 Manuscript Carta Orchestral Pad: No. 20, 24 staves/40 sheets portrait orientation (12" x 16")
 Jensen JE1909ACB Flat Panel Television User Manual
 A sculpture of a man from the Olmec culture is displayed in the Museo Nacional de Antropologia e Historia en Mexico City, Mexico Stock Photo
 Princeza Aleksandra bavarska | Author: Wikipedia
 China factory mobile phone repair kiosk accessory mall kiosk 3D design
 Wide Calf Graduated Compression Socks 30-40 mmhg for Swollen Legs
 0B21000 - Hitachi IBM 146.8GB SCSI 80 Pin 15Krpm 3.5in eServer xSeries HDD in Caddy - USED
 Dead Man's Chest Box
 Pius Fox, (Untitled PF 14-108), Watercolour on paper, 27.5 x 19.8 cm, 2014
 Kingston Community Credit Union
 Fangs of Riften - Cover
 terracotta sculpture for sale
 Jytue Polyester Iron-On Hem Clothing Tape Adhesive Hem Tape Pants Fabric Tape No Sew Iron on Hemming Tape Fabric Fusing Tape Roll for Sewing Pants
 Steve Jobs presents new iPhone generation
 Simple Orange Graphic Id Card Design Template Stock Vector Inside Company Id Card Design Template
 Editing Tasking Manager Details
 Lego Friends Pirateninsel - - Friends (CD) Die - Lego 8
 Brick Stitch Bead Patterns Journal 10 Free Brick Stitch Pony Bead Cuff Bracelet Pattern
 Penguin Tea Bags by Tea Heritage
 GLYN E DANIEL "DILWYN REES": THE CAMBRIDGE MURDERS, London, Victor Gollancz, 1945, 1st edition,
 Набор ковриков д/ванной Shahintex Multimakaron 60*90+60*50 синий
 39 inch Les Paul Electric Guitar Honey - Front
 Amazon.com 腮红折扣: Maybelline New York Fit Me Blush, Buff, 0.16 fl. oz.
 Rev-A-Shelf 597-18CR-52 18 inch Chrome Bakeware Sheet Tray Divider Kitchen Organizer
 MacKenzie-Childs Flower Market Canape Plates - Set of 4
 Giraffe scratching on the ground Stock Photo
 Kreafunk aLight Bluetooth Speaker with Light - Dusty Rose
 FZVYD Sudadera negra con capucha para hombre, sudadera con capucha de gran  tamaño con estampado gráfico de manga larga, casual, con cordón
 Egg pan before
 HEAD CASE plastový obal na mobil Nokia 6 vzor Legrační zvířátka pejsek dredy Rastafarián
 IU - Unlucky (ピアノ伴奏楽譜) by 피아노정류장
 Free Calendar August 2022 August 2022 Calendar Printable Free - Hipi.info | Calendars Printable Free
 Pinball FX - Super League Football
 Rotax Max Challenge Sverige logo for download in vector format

===

Look at the records above. Copy every line where the string "Stock" occurs.

 A sculpture of a man from the Olmec culture is displayed in the Museo Nacional de Antropologia e Historia en Mexico City, Mexico Stock Photo
 Simple Orange Graphic Id Card Design Template Stock Vector Inside Company Id Card Design Template
 Giraffe scratching on the ground Stock Photo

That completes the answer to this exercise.